*Exercise details*:
Output the listing verbatim, leaving out every picture.

*Provided material*:
▽

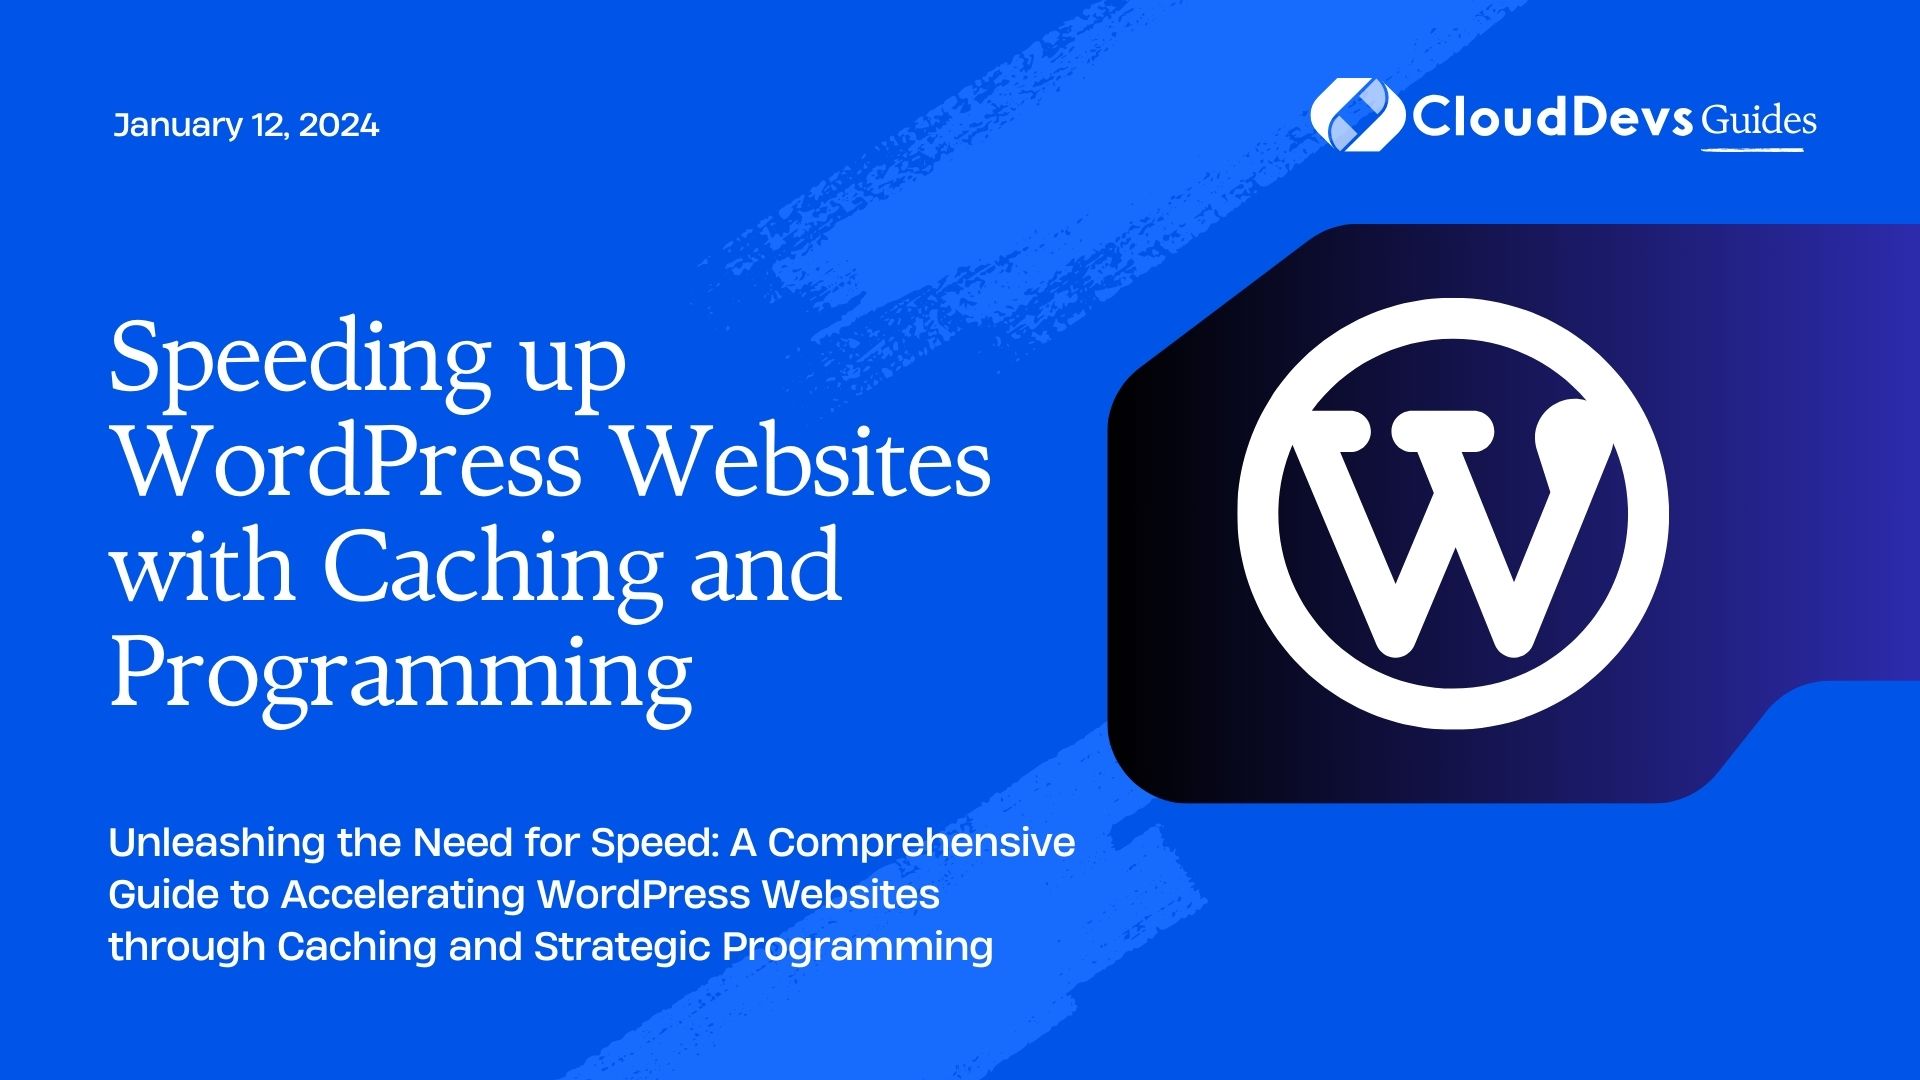 Speeding up WordPress Websites with Caching and Programming
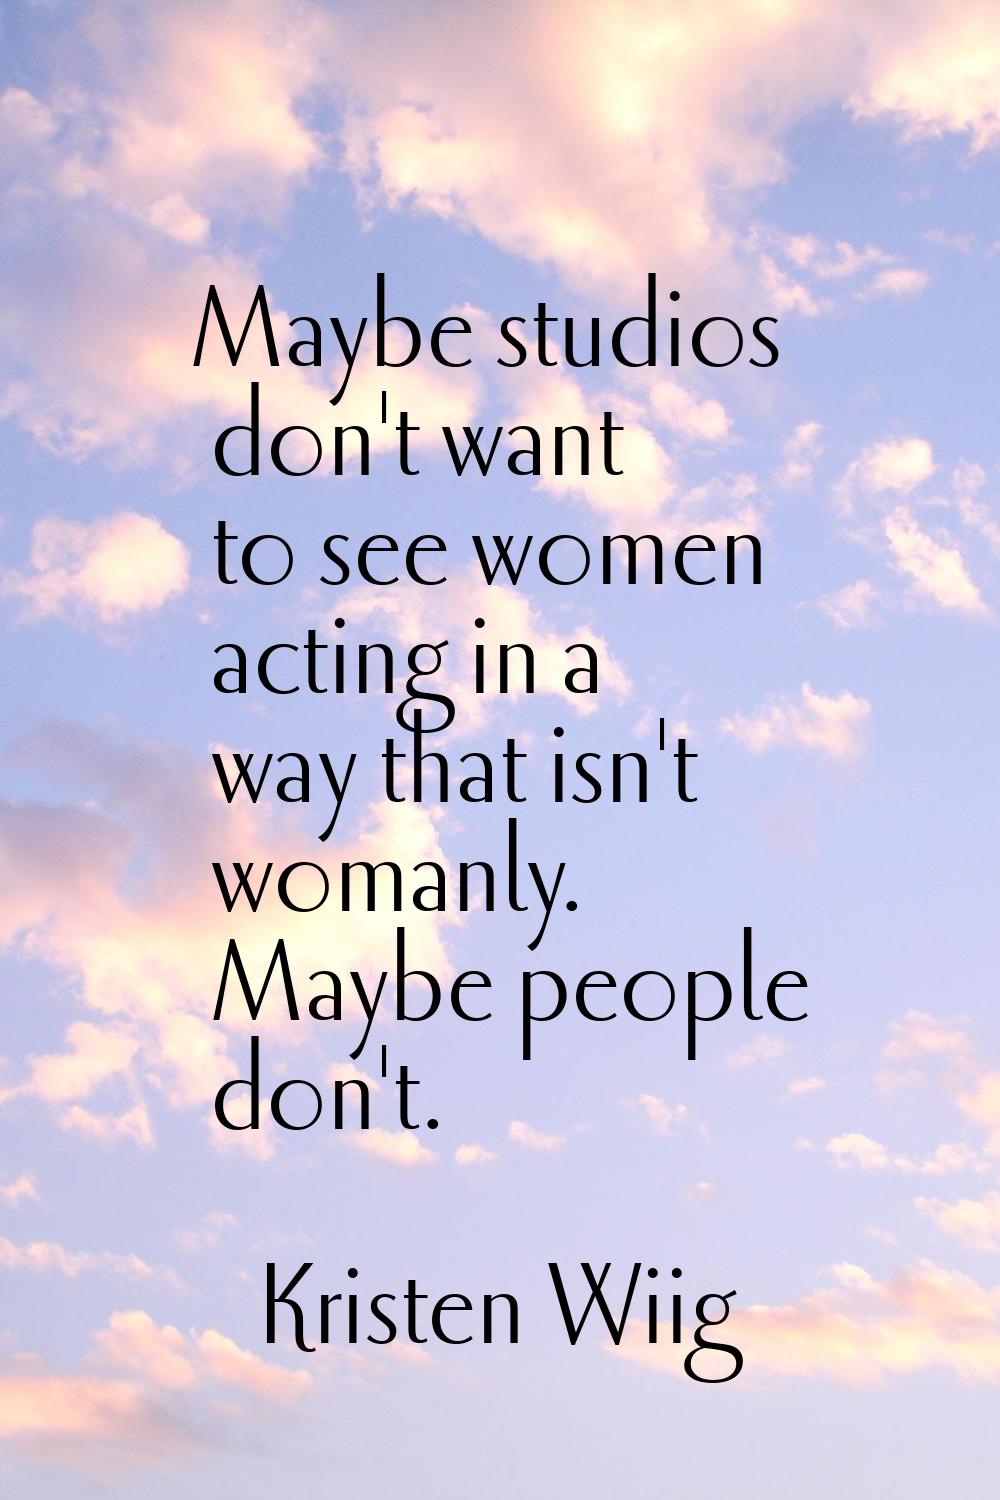 Maybe studios don't want to see women acting in a way that isn't womanly. Maybe people don't.
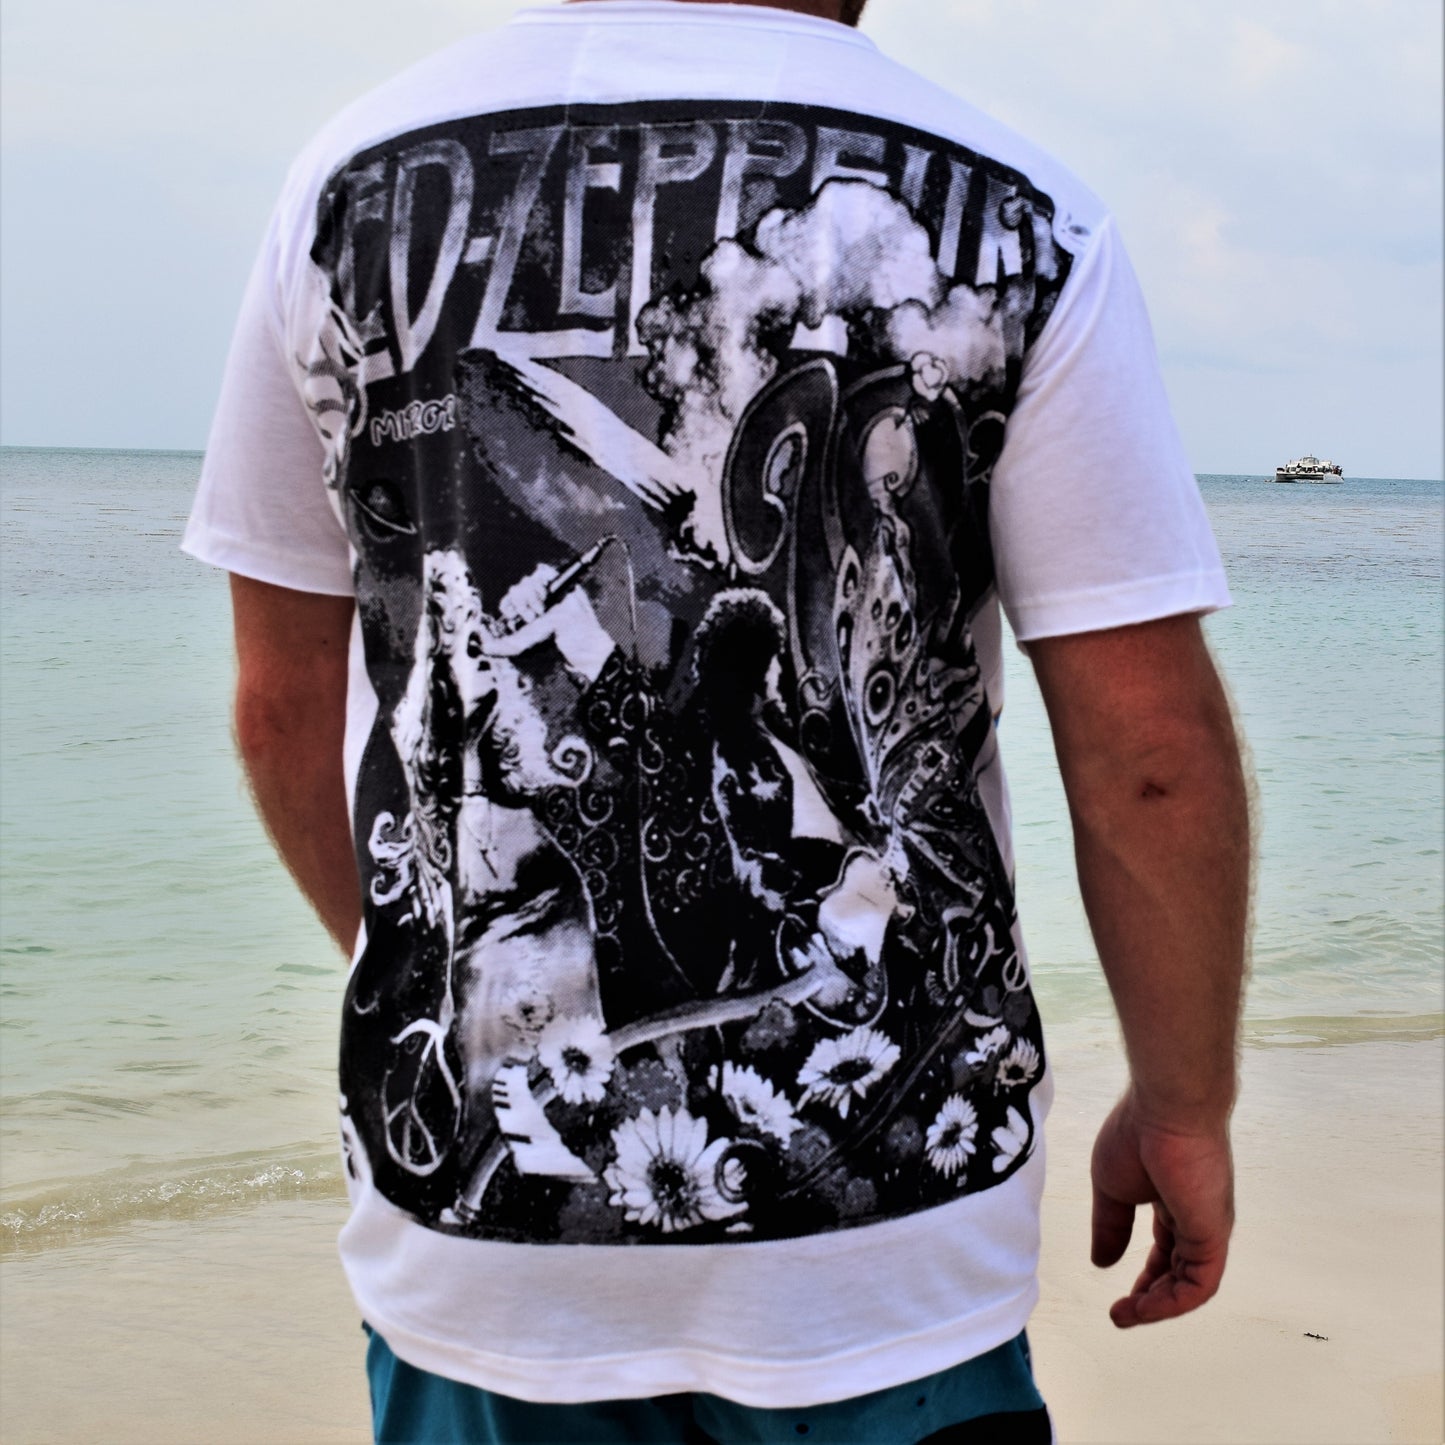 Led Zep 70" Men's T-shirt by Mirror Brand

△

*Answer to this task*:
 Speeding up WordPress Websites with Caching and Programming
 Maybe studios don't want to see women acting in a way that isn't womanly. Maybe people don't.
 Led Zep 70" Men's T-shirt by Mirror Brand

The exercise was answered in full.